SPHINX: The Joint Mixing of Weights, Tasks, and Visual Embeddings for Multi-modal Large Language Models

Ziyi Lin,Chris Liu,Renrui Zhang,Peng Gao,Longtian Qiu,Han Xiao,Han Qiu,Chen Lin,Wenqi Shao,Keqin Chen,Jiaming Han,Siyuan Huang,Yichi Zhang,Xuming He,Hongsheng Li,Yu Qiao

from arxiv, Work in progress. Code and demos are released at https://github.com/Alpha-VLLM/LLaMA2-Accessory

We present SPHINX, a versatile multi-modal large language model (MLLM) with a joint mixing of model weights, tuning tasks, and visual embeddings. First, for stronger vision-language alignment, we unfreeze the large language model (LLM) during pre-training, and introduce a weight mix strategy between LLMs trained by real-world and synthetic data. By directly integrating the weights from two domains, the mixed LLM can efficiently incorporate diverse semantics with favorable robustness.

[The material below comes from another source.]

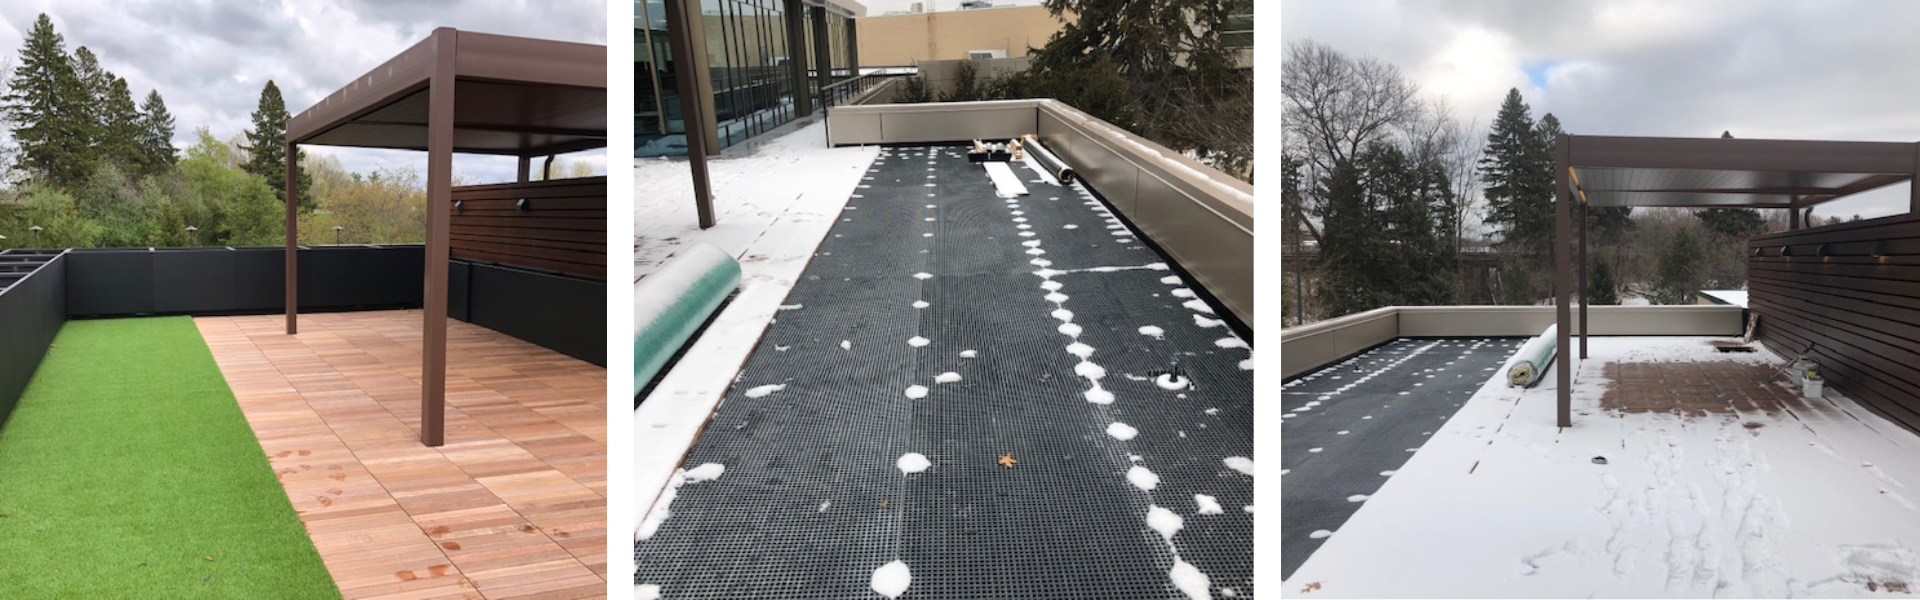 fiberglass grating, grating pedestals, office rooftop deck

Then, to enable multi-purpose capabilities, we mix a variety of tasks for joint visual instruction tuning, and design task-specific instructions to avoid inter-task conflict. In addition to the basic visual question answering, we include more challenging tasks such as region-level understanding, caption grounding, document layout detection, and human pose estimation, contributing to mutual enhancement over different scenarios. Additionally, we propose to extract comprehensive visual embeddings from various network architectures, pre-training paradigms, and information granularity, providing language models with more robust image representations. Based on our proposed joint mixing, SPHINX exhibits superior multi-modal understanding capabilities on a wide range of applications. On top of this, we further propose an efficient strategy aiming to better capture fine-grained appearances of high-resolution images. With a mixing of different scales and high-resolution sub-images, SPHINX attains exceptional visual parsing and reasoning performance on existing evaluation benchmarks. We hope our work may cast a light on the exploration of joint mixing in future MLLM research. Code is released at https://github.com/Alpha-VLLM/LLaMA2-Accessory.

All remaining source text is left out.